Published online October 1, 2001.
Clinical Analysis of 221 Cases of Microinvasive Carcinoma of the Cervix.
Joo Hyun Nam, Sung Hoon Kim, Jong Hyeok Kim, Yong Man Kim, Young Tak Kim, Jung Eun Mok
Department of Obstetrics and Gynecology, College of Medicine, University of Ulsan, Asan Medical Center, Seoul, Korea.

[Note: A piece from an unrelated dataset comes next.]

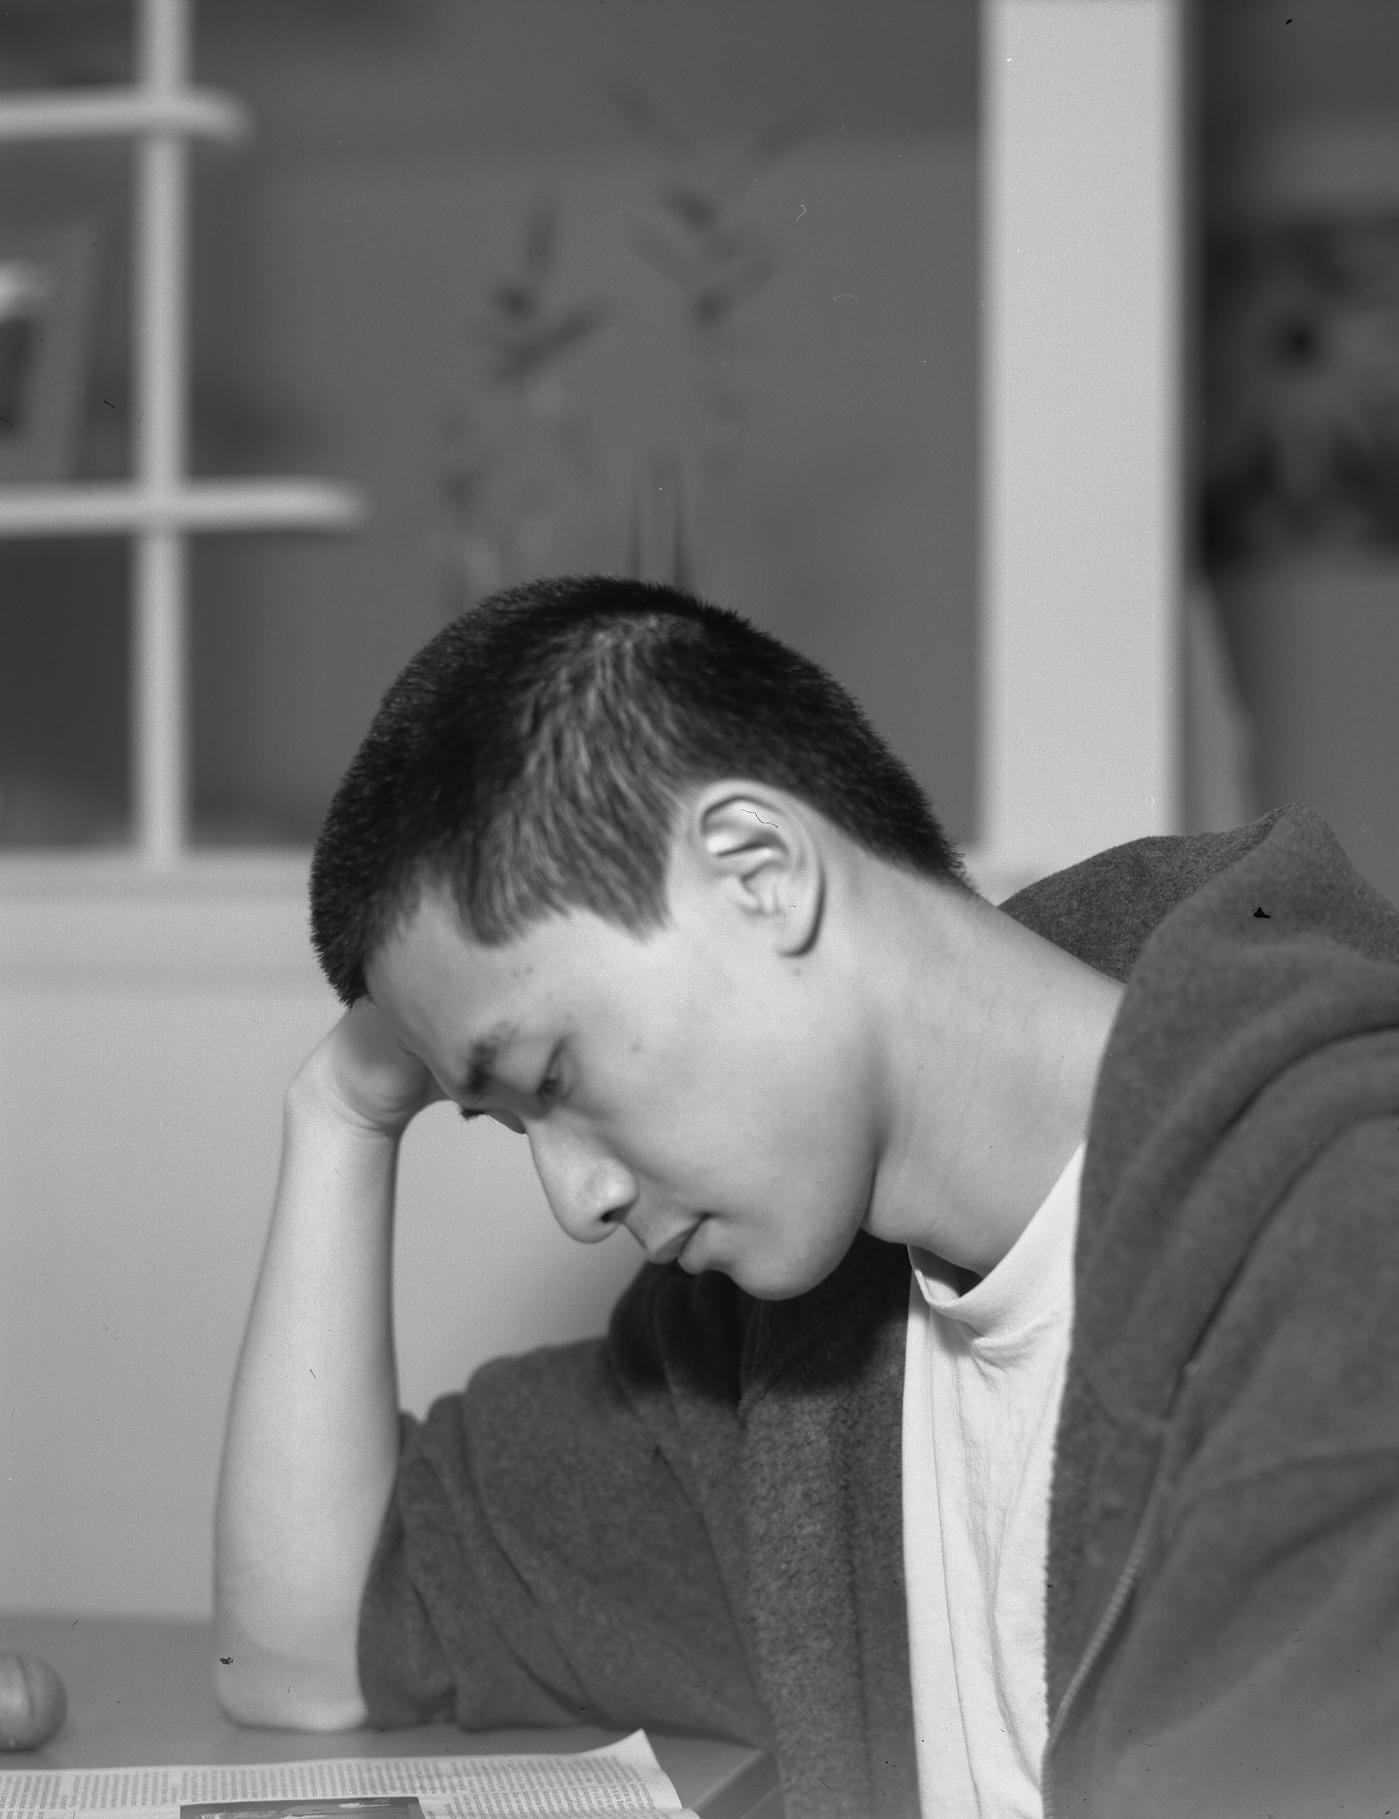 Mr. Ken Liu's profile picture

To review and evaluate a series of patients who underwent surgical management due to microinvasive cervical cancer. MATERIALS and METHODS: Records of 221 patients with microinvasive cervical cancer treated in Asan Medical Center (AMC) from June 1989 to December 2000 were reviewed. Demographic profile, findings in preoperative work-up, treatment modality, histologic findings and post-treatment clinical course were evaluated. RESULTS: The age range at initial operation was 27 to 79 and the mean age was 44.5+/-11.4 (mean+/-SD) years. Patients were followed from 3 months to 11.7 years with median follow-up interval of 4.5 years. According to the pathologic report, 212 cases (95.9%) were diagnosed as squamous cell carcinoma and 9 cases (4.1%) as adenocarcinoma. The number of patients with FIGO stage Ia1 and Ia2 disease was 202 (91.4%) and 19 (8.6%), respectively. The cases with invasion of < or = 1 mm, > 1 mm but < or = 3 mm, and > 3 mm but < or = 5 mm were noted in 120 (54.3%), 82 (37.1%), and 19 (8.6%) patients, respectively. Pelvic lymph node dissection (PLND) was performed in 140 patients and the average number of lymph nodes examined per case was 21+/-7. None of the 140 patients had metastasis to pelvic lymph node. Lymphovascular space invasion was identified in 7 patients. Pelvic recurrence was developed in only one patient and none of the 221 patients has died from recurrent disease. CONCLUSION: This study shows that patients with microinvasive cervical cancer have no pelvic lymph node metastasis, rare recurrence, and very excellent prognosis, so, if indicated, conservative management or non-radical surgery excluding pelvic lymph node dissection could be tried.